- Raw data -
_ _ _

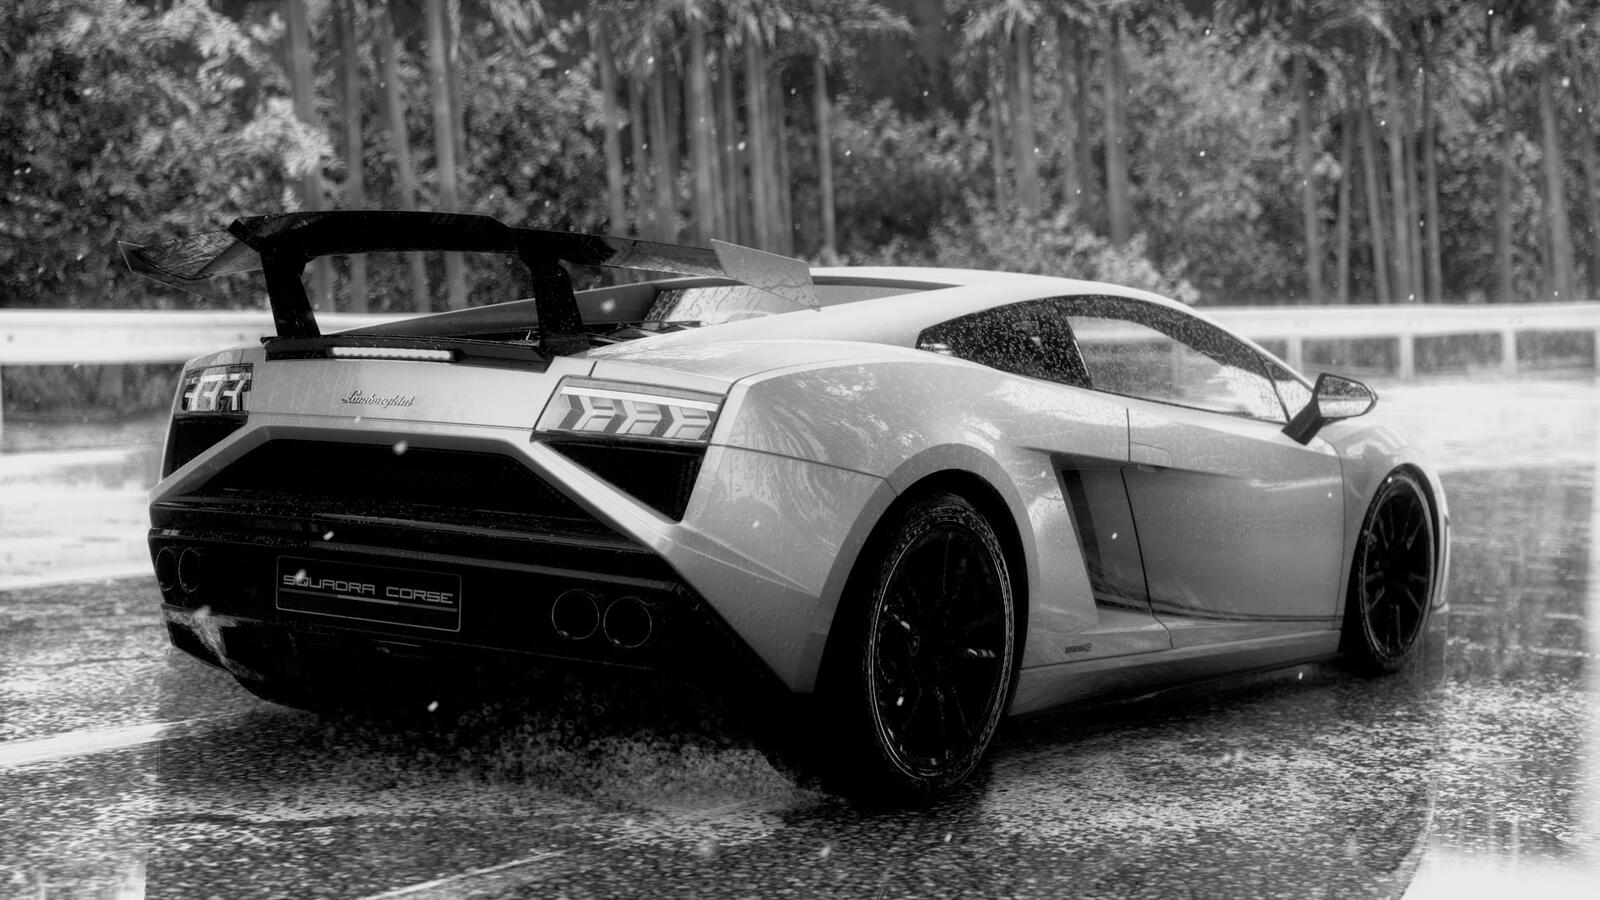 Free photo Monochrome picture of a Lamborghini Gallardo.
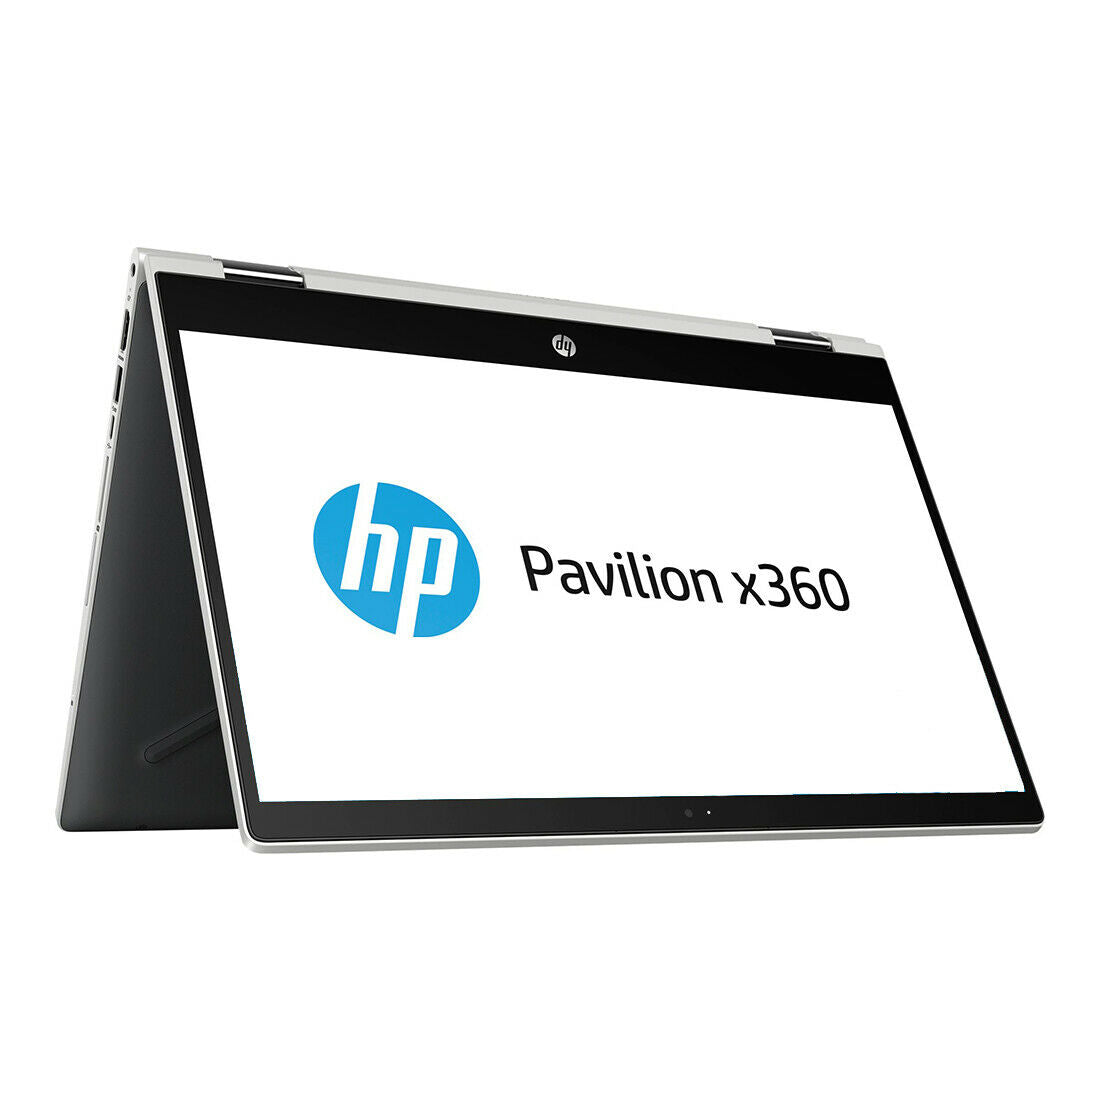 HP Pavilion x360 14" Laptop AMD E2-9000e 1.5GHz 4GB/128GB 14M-CD0001DX, Silver
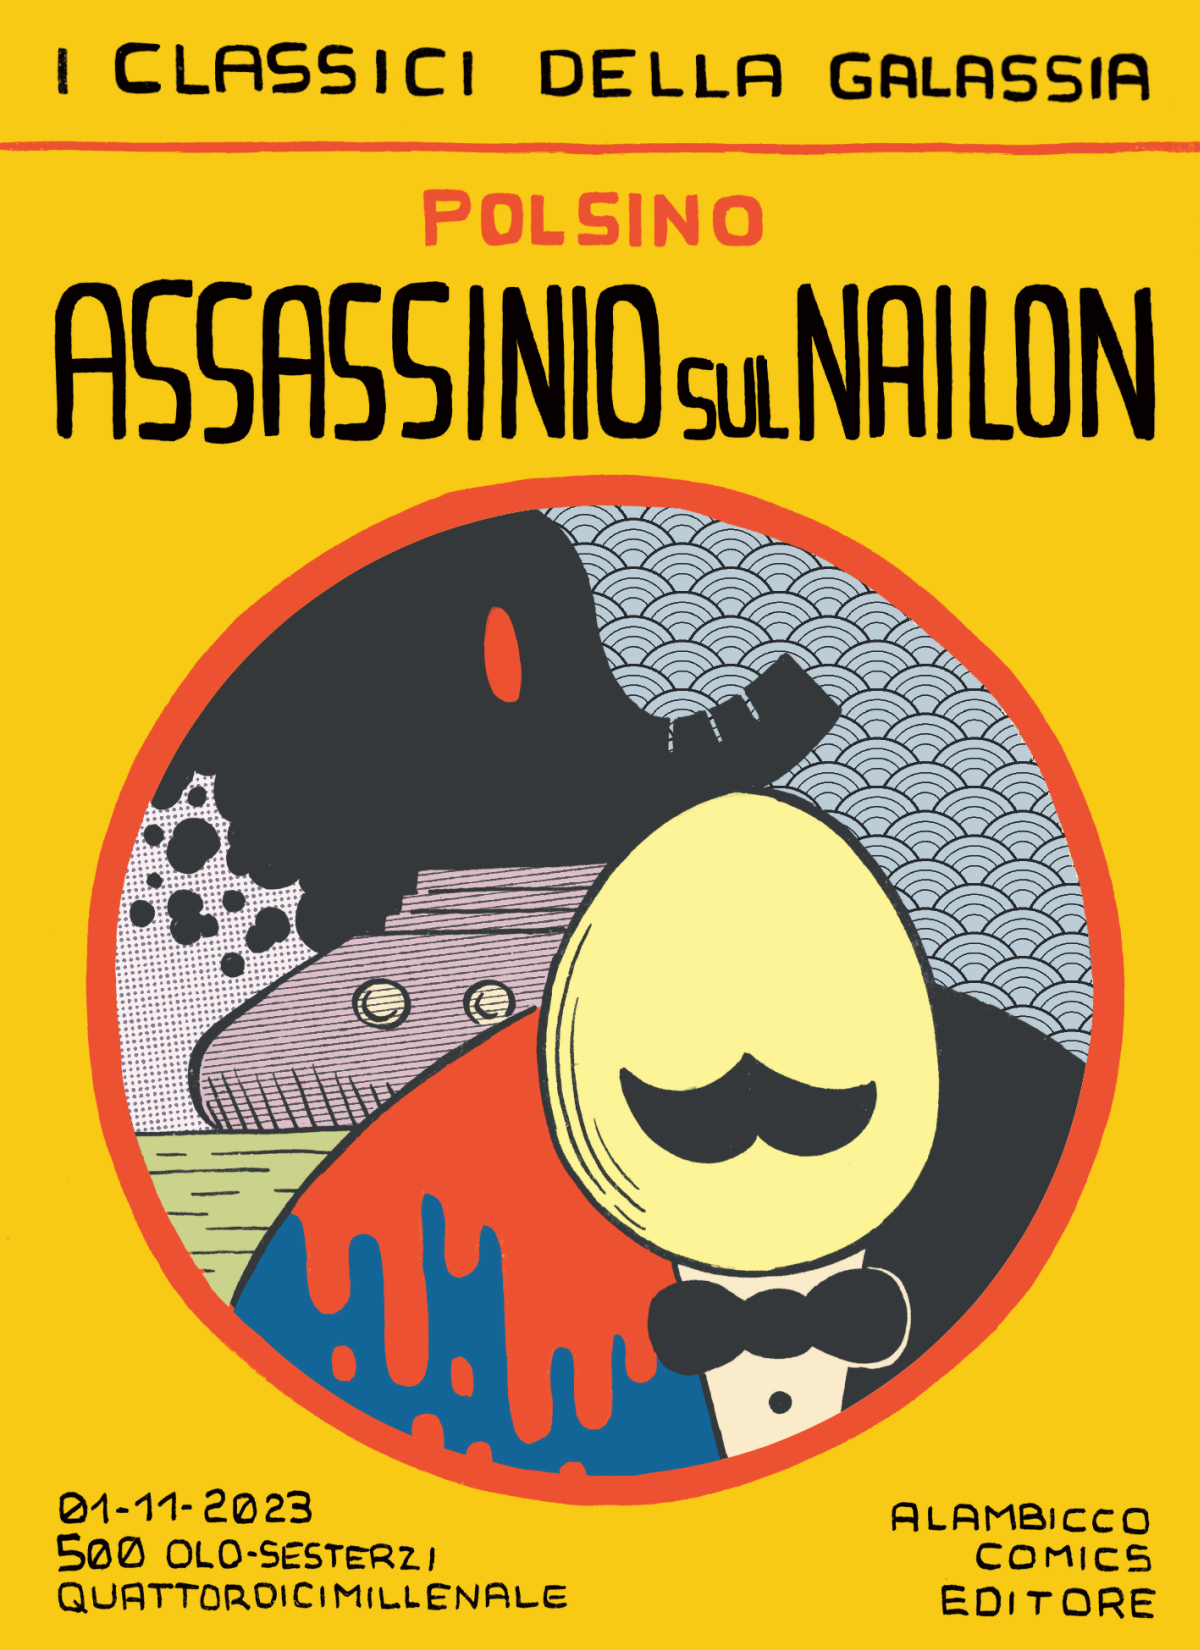 Assassinio sul Nailon (Italiano language, Alambicco Comics)
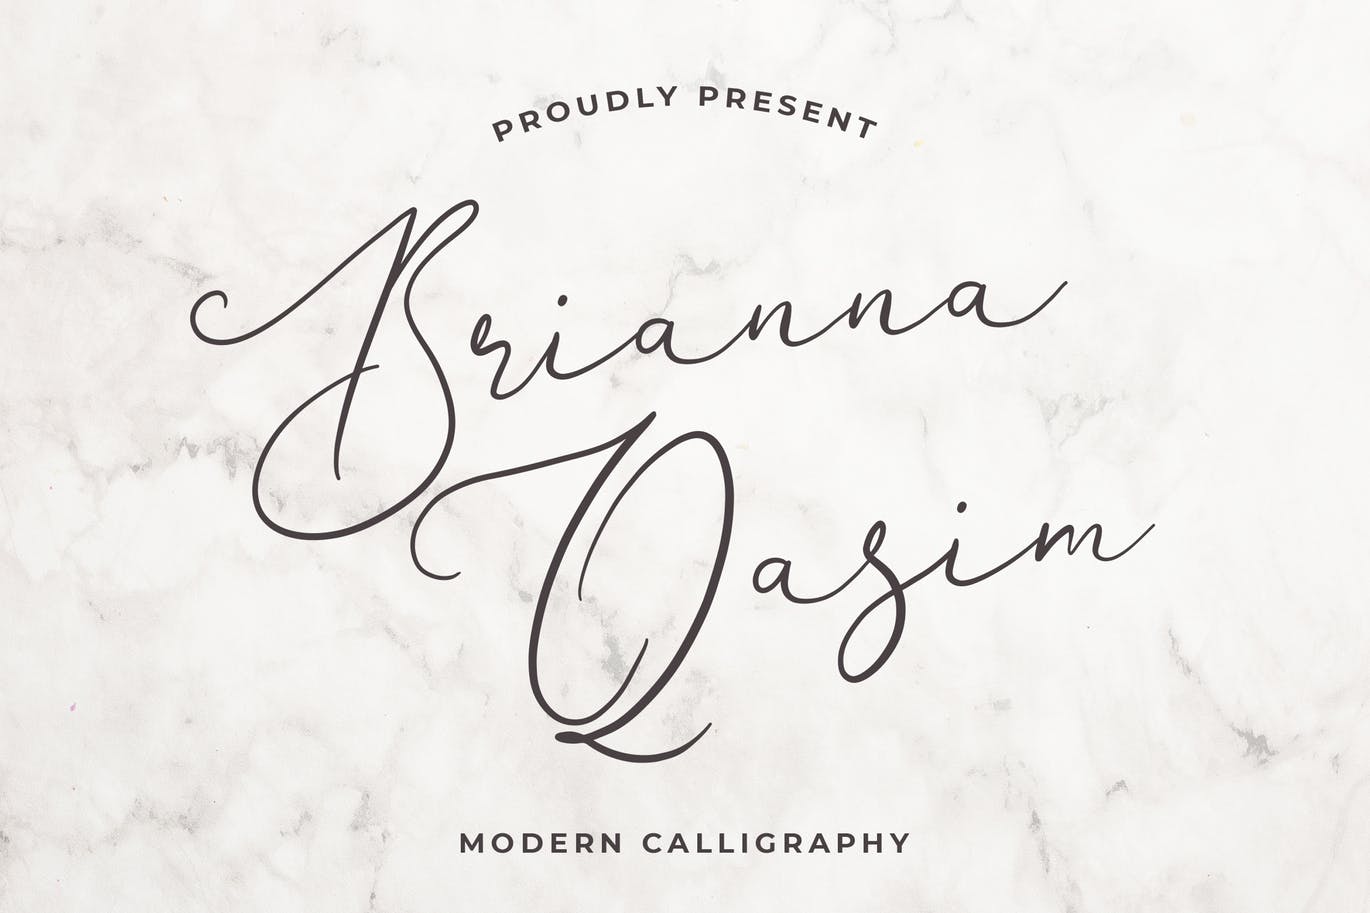 独特手写连笔书法英文字体蚂蚁素材精选 Brianna Qasim Beautiful Calligraphy Font插图

_ _ _

- What you need to do -
Every line above should be copied exactly; do not carry over the pictures.

- Answer to the problem -
 Free photo Monochrome picture of a Lamborghini Gallardo.
 HP Pavilion x360 14" Laptop AMD E2-9000e 1.5GHz 4GB/128GB 14M-CD0001DX, Silver
 Assassinio sul Nailon (Italiano language, Alambicco Comics)
 独特手写连笔书法英文字体蚂蚁素材精选 Brianna Qasim Beautiful Calligraphy Font插图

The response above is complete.